In Horne v. Southern R., supra ( 186 S.C. 525, 197 S.E., 37), the Court approved the following rule from Washburn v. Laclede Gas Light Co., 202 Mo. App. 102, loc. cit. 115, 214 S.W. 410, 414: "The liability of a person charged with negligence does not depend on the question whether with the exercise of reasonable prudence, he could or ought to have foreseen the very injury complained of; but he may be held liable for anything which, after the injury is complete, appears to have been a natural and probable consequence of his act or omission."
And see Restatement of the Law of Torts, Vol. 2, Negligence, page 1173, Section 435.
It therefore may be said from a resume of the authorities that to constitute negligence creating a liability for the damages to the respondent, it is not necessary that the appellant should have contemplated the particular event which occurred. It is enough that it should have contemplated the probable happening of some accident of this kind, involving bodily injury to others which ought to have been guarded against; and the doer of the act cannot shelter himself behind the defense that the actual consequence was one that rarely follows from that particular act. He may be held liable for anything which, after the injury is complete, appears to have been a natural and probable consequence of his act or omission.
In the case at bar, the respondent was on the public highway, where he had a right to be, as was also the automobile operated by the unknown driver, which collided with the respondent. The negligent collision by the automobile with the respondent occurred while the negligence of the appellant existed and continued; and, however done, it was such an act, among many others, that might be conceived, which the jury might find that the appellant as an ordinarily prudent person, should have reasonably anticipated would probably occur, producing such injury as the plaintiff sustained. Under such circumstances, if established, the appellant would be responsible for injuries resulting to the respondent from its negligence in installing and maintaining an electric light pole with guy wires near the center of the public highway.
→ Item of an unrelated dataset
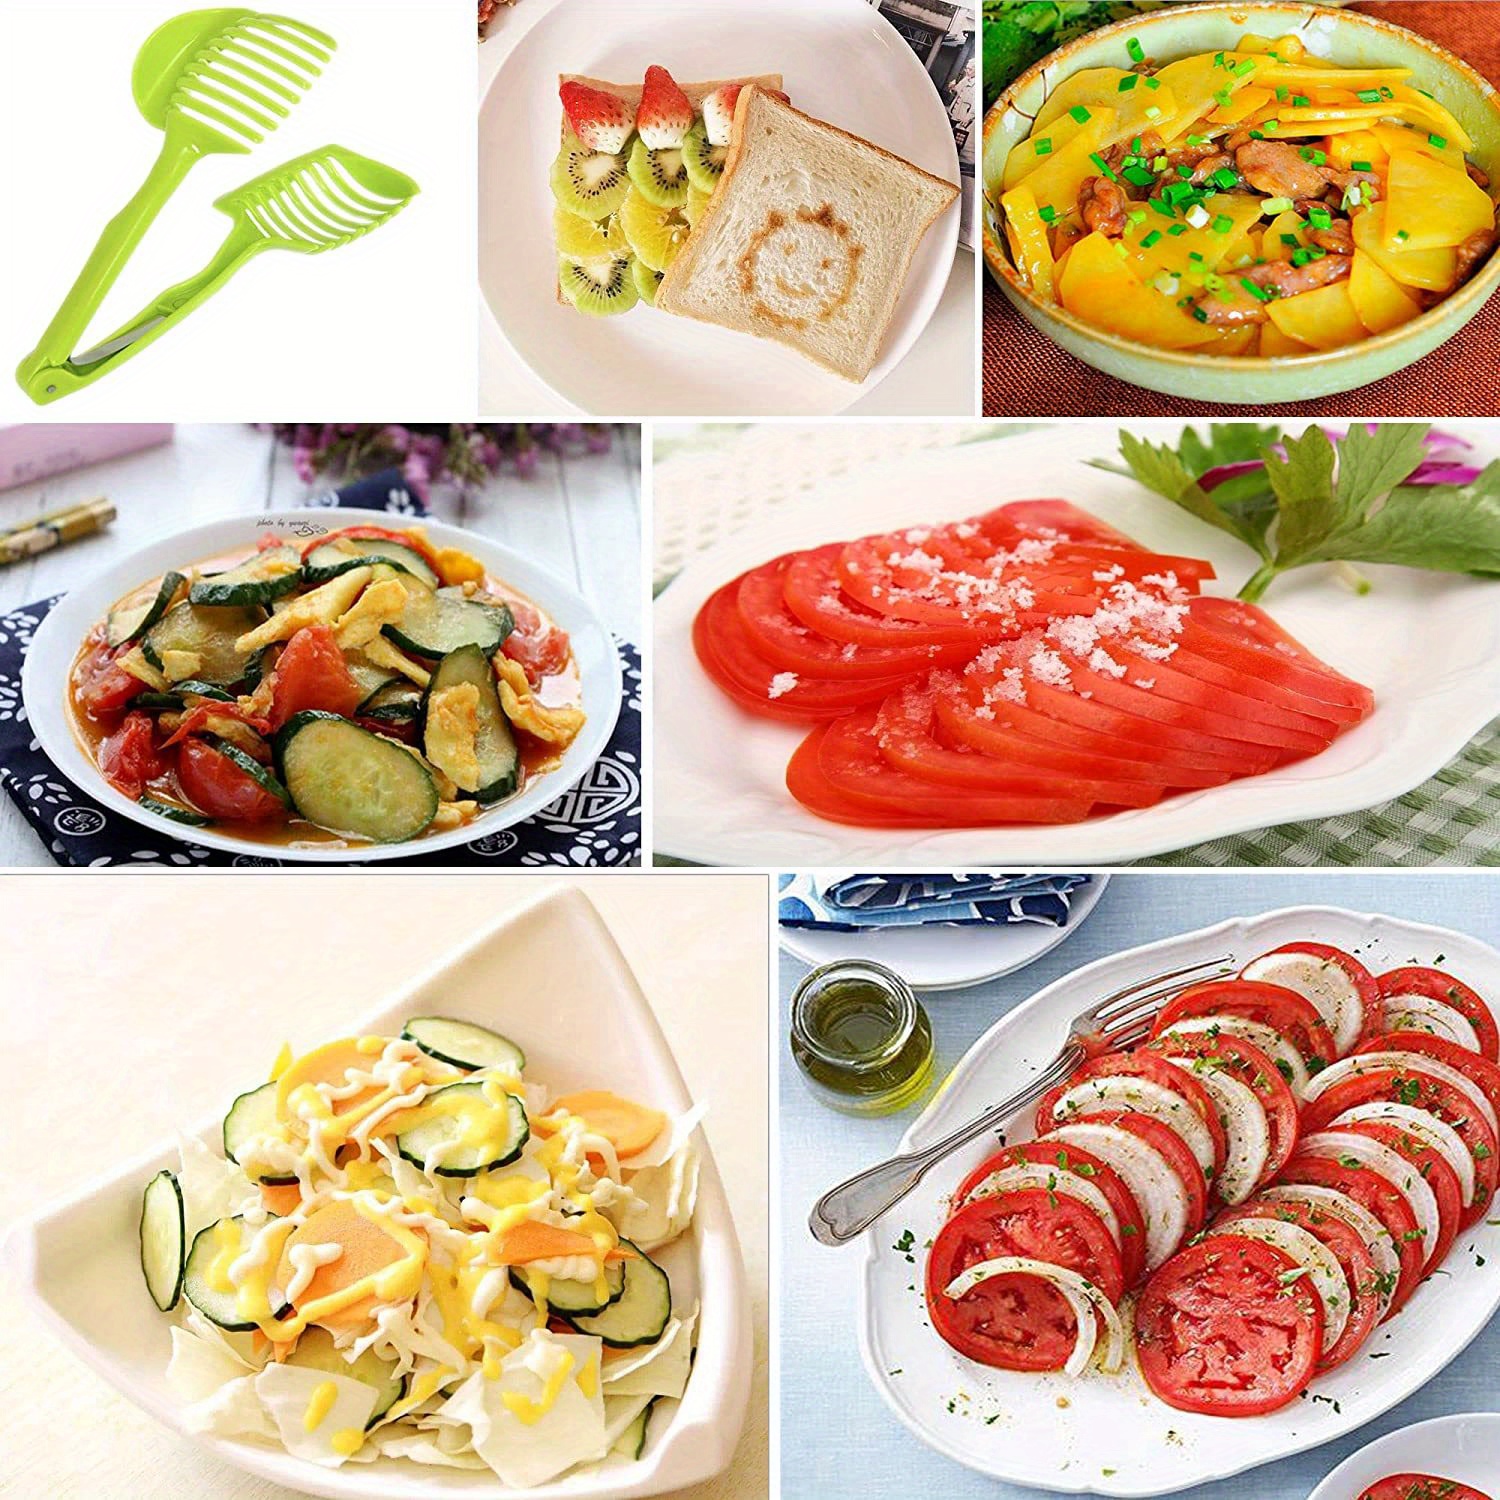 1pc, Tomato Slicer, Manual Lemon Slicer, Multifunctional Fruit Cutter,  Reusable Vegetable Cutter, Boiled Egg Slicing Tool, Handheld Onion Slicer,  Kitc

We do not believe that the position maintained by the appellant is tenable in this day of freakish traffic accidents; or that the accident which occurred was of such an unusual and extraordinary character that it could not have been foreseen that some such occurrence might probably take place. Certainly the appellant might reasonably have anticipated that its negligence would probably result in injury of some kind to someone.
Appellant contends that the original complaint was not properly amendable by adding allegations inconsistent therewith, whereby the respondent repudiated or qualified admissions fatal to his cause of action. We do not think that the amendments allowed can be fairly subjected to this criticism. Substantially, the amendments merely amplified the original statement of facts.
In our opinion, after a careful study of the original complaint and the amended complaint, we think this contention is without merit. The failure of a complaint to contain all of the essential requisites of a cause of action does not preclude amendment. The Court was justified in allowing the amendment under Section 494, South Carolina Code, 1932. And see Coral Gables v. Palmetto Brick Co., supra.
Judgment affirmed, and cause remanded, with leave to appellant to plead over, provided this be done within ten days from the filing of the remittur.
MR. CHIEF JUSTICE STABLER and MESSRS. JUSTICES BONHAM and BAKER concur.
MR. JUSTICE CARTER did not participate on account of illness.